Alibaba is reportedly mulling a U.S. initial public offering (IPO) for its eCommerce unit.
The Chinese tech giant is in the early stages of weighing the listing, Bloomberg reported Thursday (May 4), citing unnamed sources. The size of the IPO, which could potentially come next year, is undetermined.
The company appeared to deny the report when asked for comment by PYMNTS, offering a one-sentence statement: “Currently, there is no IPO plan.”
The news comes weeks after Alibaba announced it would divide itself into six pieces, which would allow it to take at least some of the new businesses public.
“The original intention and fundamental purpose of this reform is to make our organization more agile, shorten decision-making links and respond faster,” CEO Daniel Zhang said in a letter to Alibaba workers in March.
Five of the six groups will have their own CEOs and boards, plus the ability to raise outside funds and go after IPOs.
The move could signal “an about-face within China’s tech kingdom,” PYMNTS wrote in March
The country has spent the bulk of the past two years cracking down on its tech giants, passing new regulations to limit their power, such as rules on monopolization and investment, and curbs on the ways companies can use algorithms to make online recommendations.

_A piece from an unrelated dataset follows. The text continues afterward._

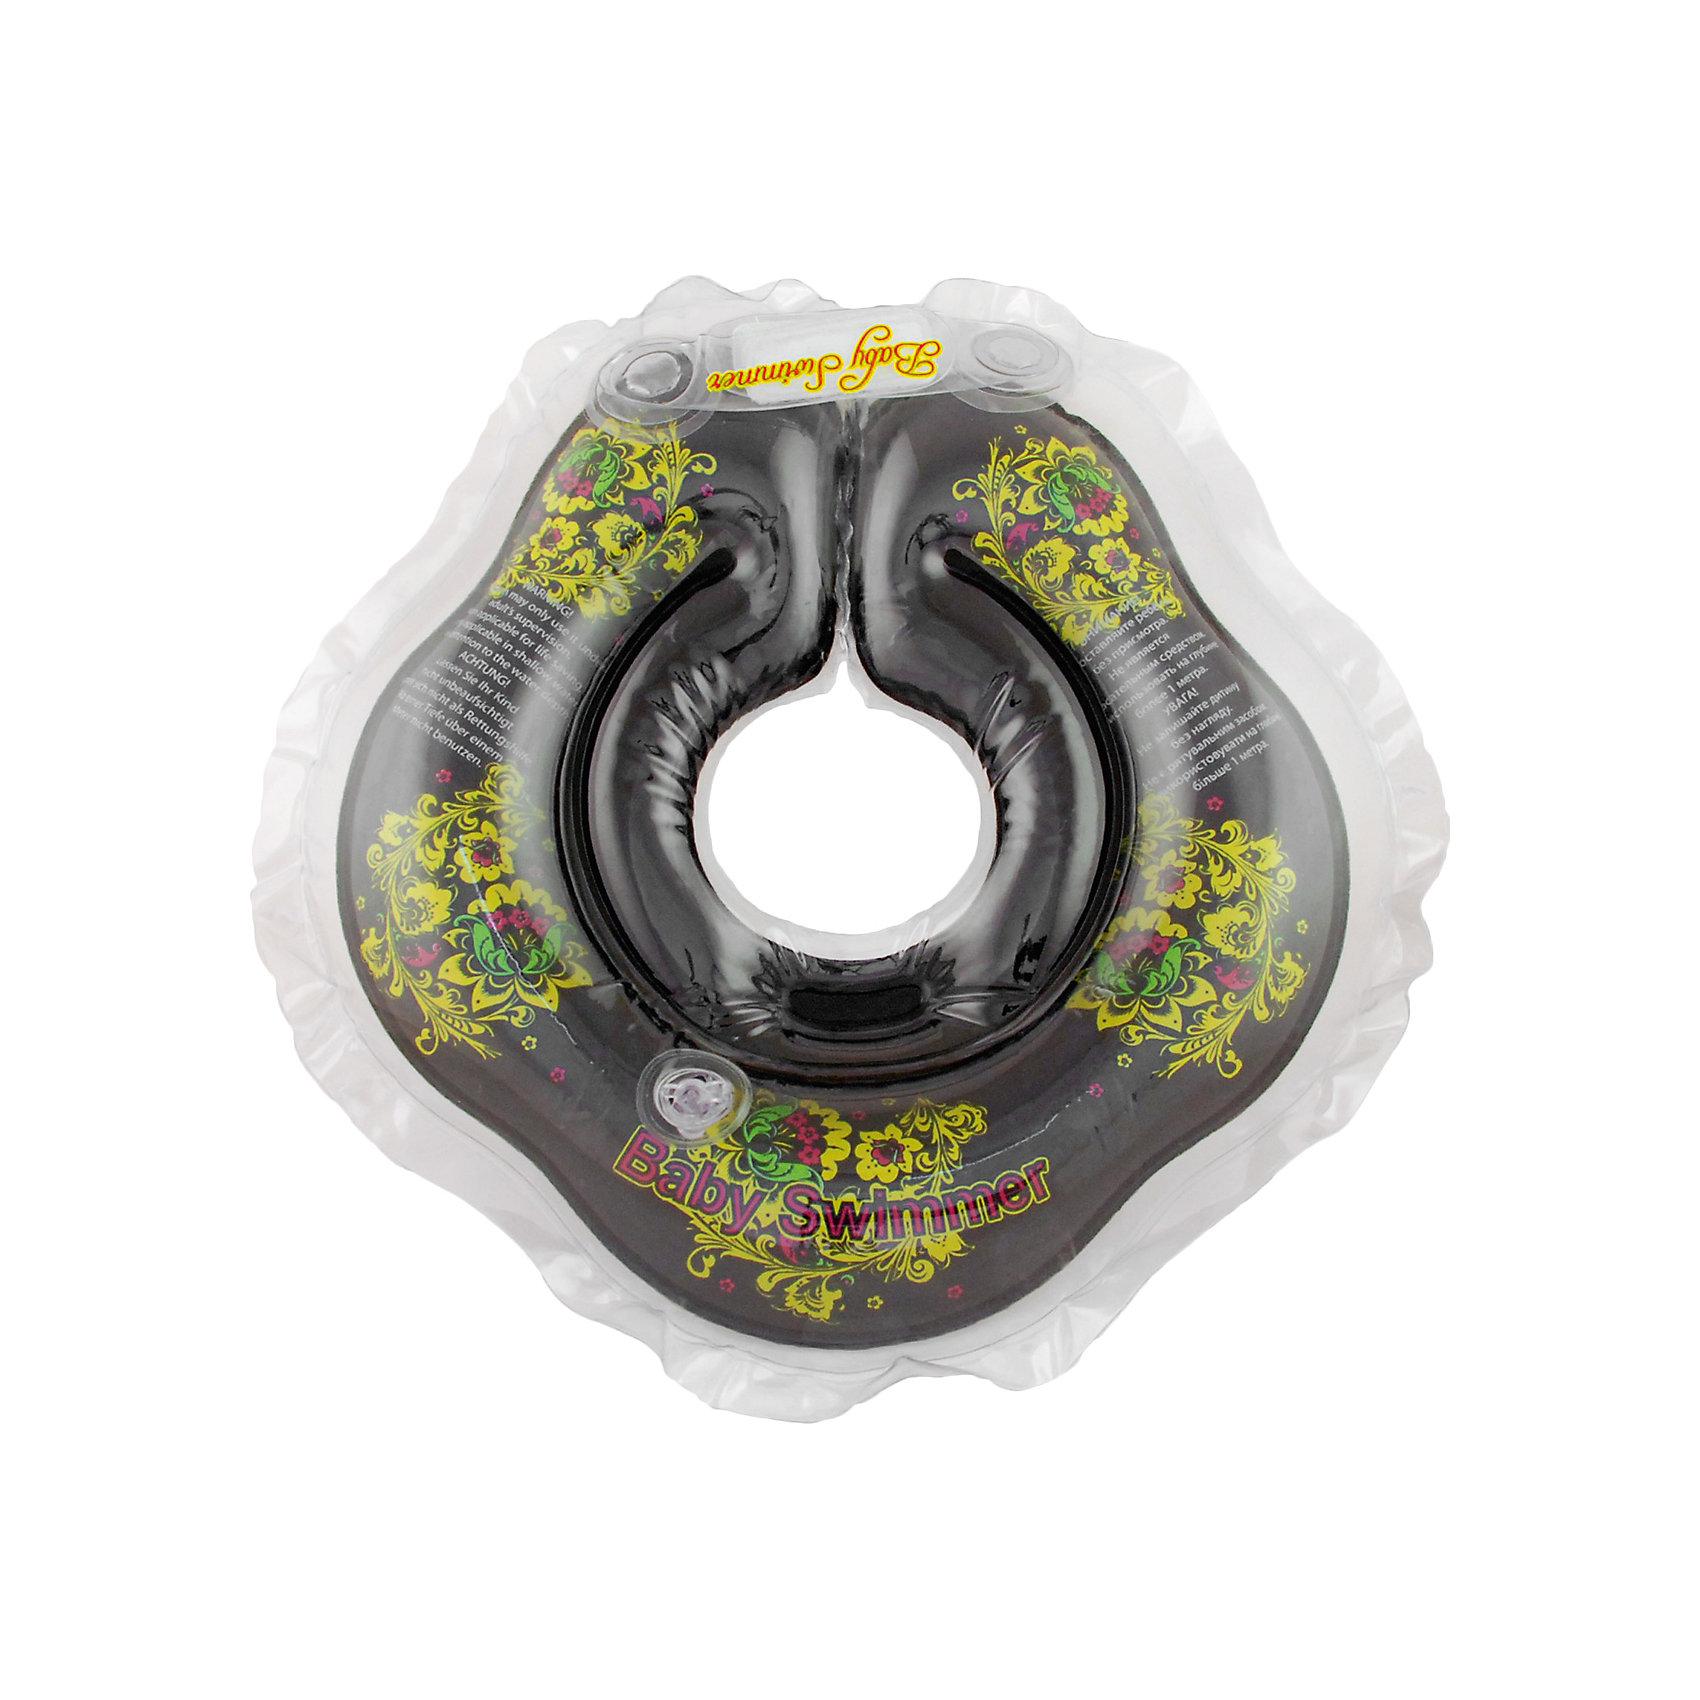 Круг для купания BabySwimmer, черный  - ХохломаКруги для купания малыша<br>Купание младенца - ответственное и важное занятие. Круг для купания Baby Swimmer  с оригинальной расцветкой обеспечит безопасность процесса, избавит малыша от страха воды и сделает водные процедуры веселой игрой. У круга есть устройство, поддерживающее подбородок, что позволит избежать проглатывание воды малышом. У круга яркие цвета, необычный дизайн и веселые картинки по бокам, которые понравится всем детям. Все материалы, использованные при разработке и изготовлении круга для купания безопасны для использования, отвечают всем требованиям экологичности и качества детских товаров, а так же гипоаллергенны.<br><br>Дополнительная информация:<br><br>модель: Baby Swimmer;<br>цвет: черный - Хохлома.<br><br>Круг для купания Baby Swimmer можно приобрести в нашем магазине.<br><br>Ширина мм: 150<br>Глубина мм: 40<br>Высота мм: 150<br>Вес г: 160<br>Возраст от месяцев: 0<br>Возраст до месяцев: 24<br>Пол: Унисекс<br>Возраст: Детский<br>SKU: 4968105
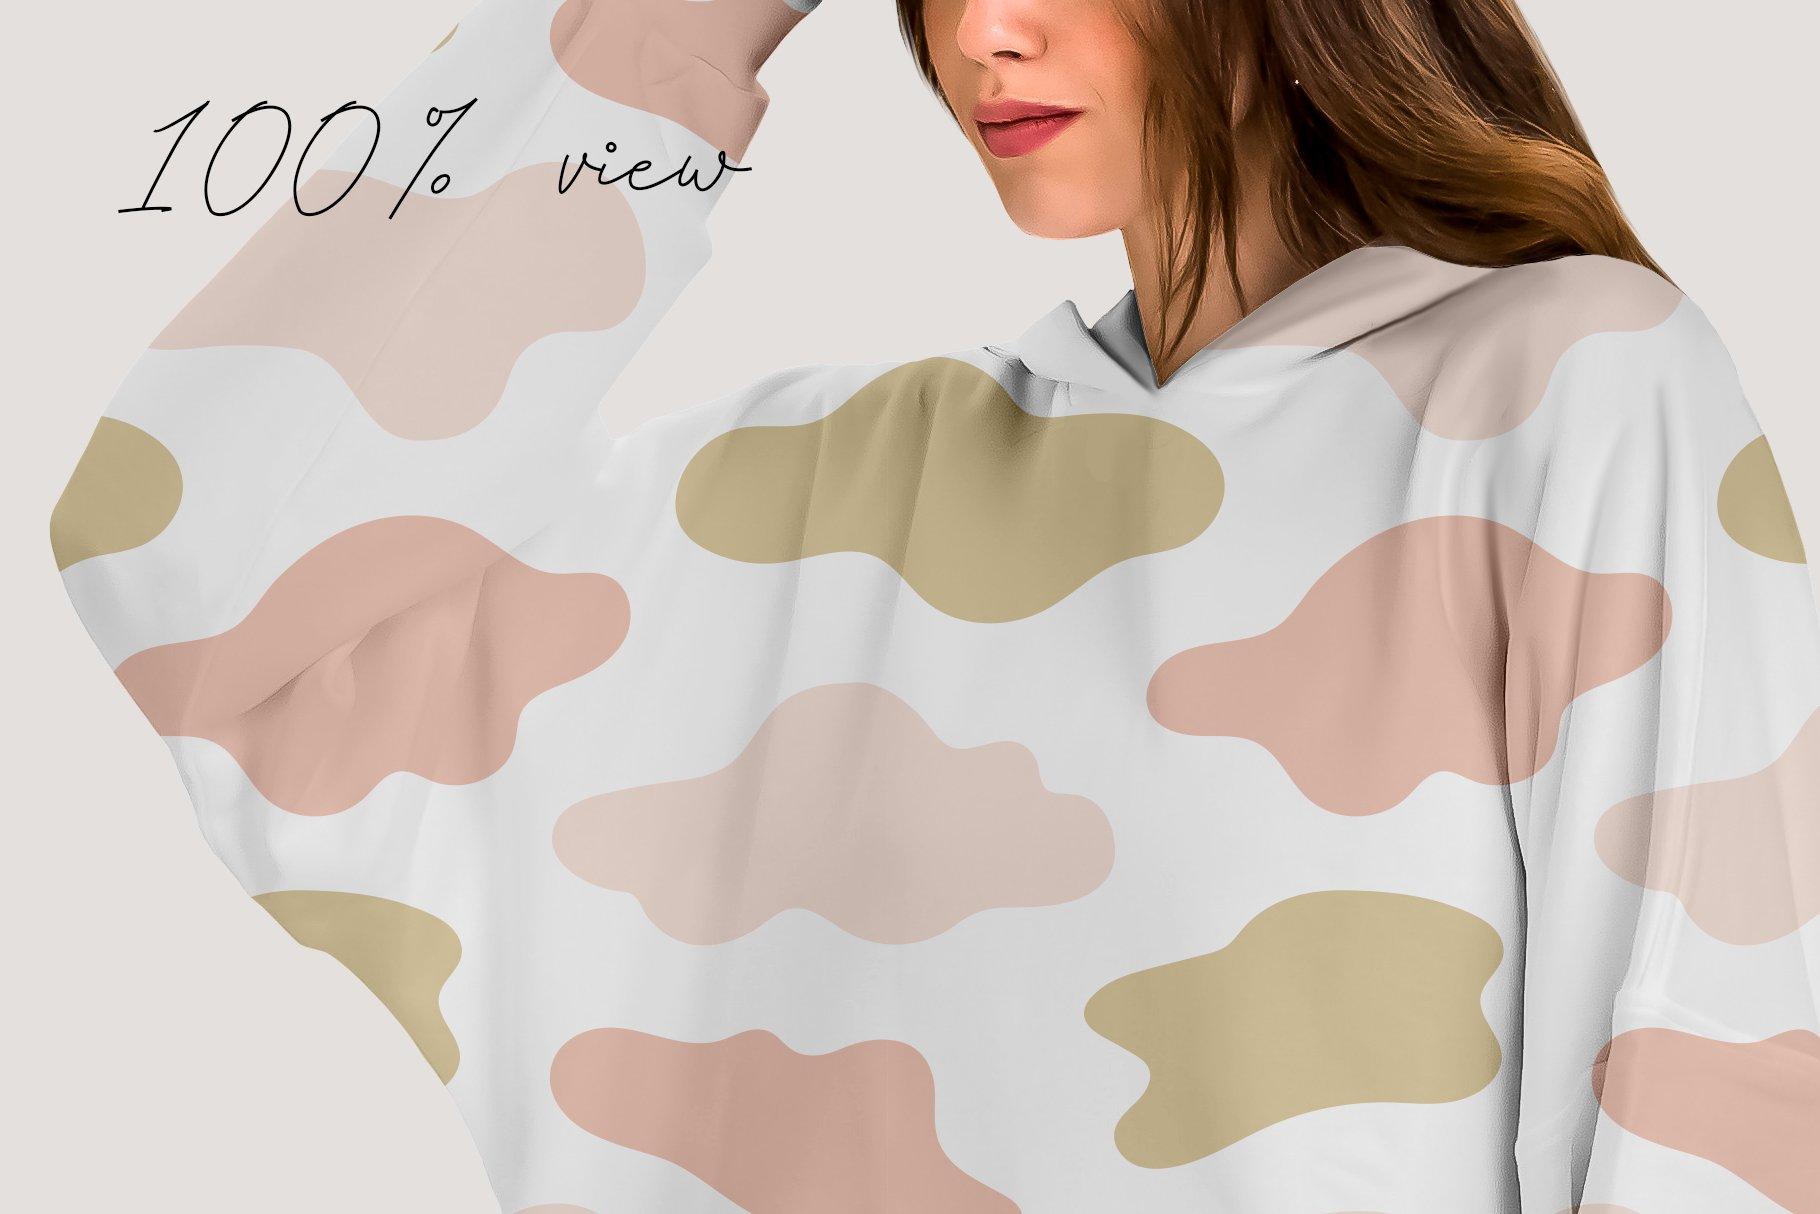 超大女式连衣帽卫衣印花图案设计展示贴图样机模板 Oversize Hoodie Mockup Templates插图3

China also put IPOs on hold, including the much-anticipated IPO of Ant Group — an Alibaba affiliate — that would have been one of the biggest listings in history.
“Chopping Alibaba into pieces, in effect, with siloed operations, rids regulators of concerns about market data dominance,” according to PYMNTS. “The smaller the firm, the less power it has in its respective market in terms of pricing power. Restructuring a corporate juggernaut takes time and effort and costs money, which in turn leaves flanks vulnerable to competitors.”
Earlier this week, semiconductor designer Arm, a subsidiary of SoftBank Group, announced it was planning an IPO after filing paperwork with the Securities and Exchange Commission (SEC).
These deals are coming during a lukewarm time for public listings, with traditional IPOs raising just $2.3 billion in the first few months of the year, the worst start since 2009.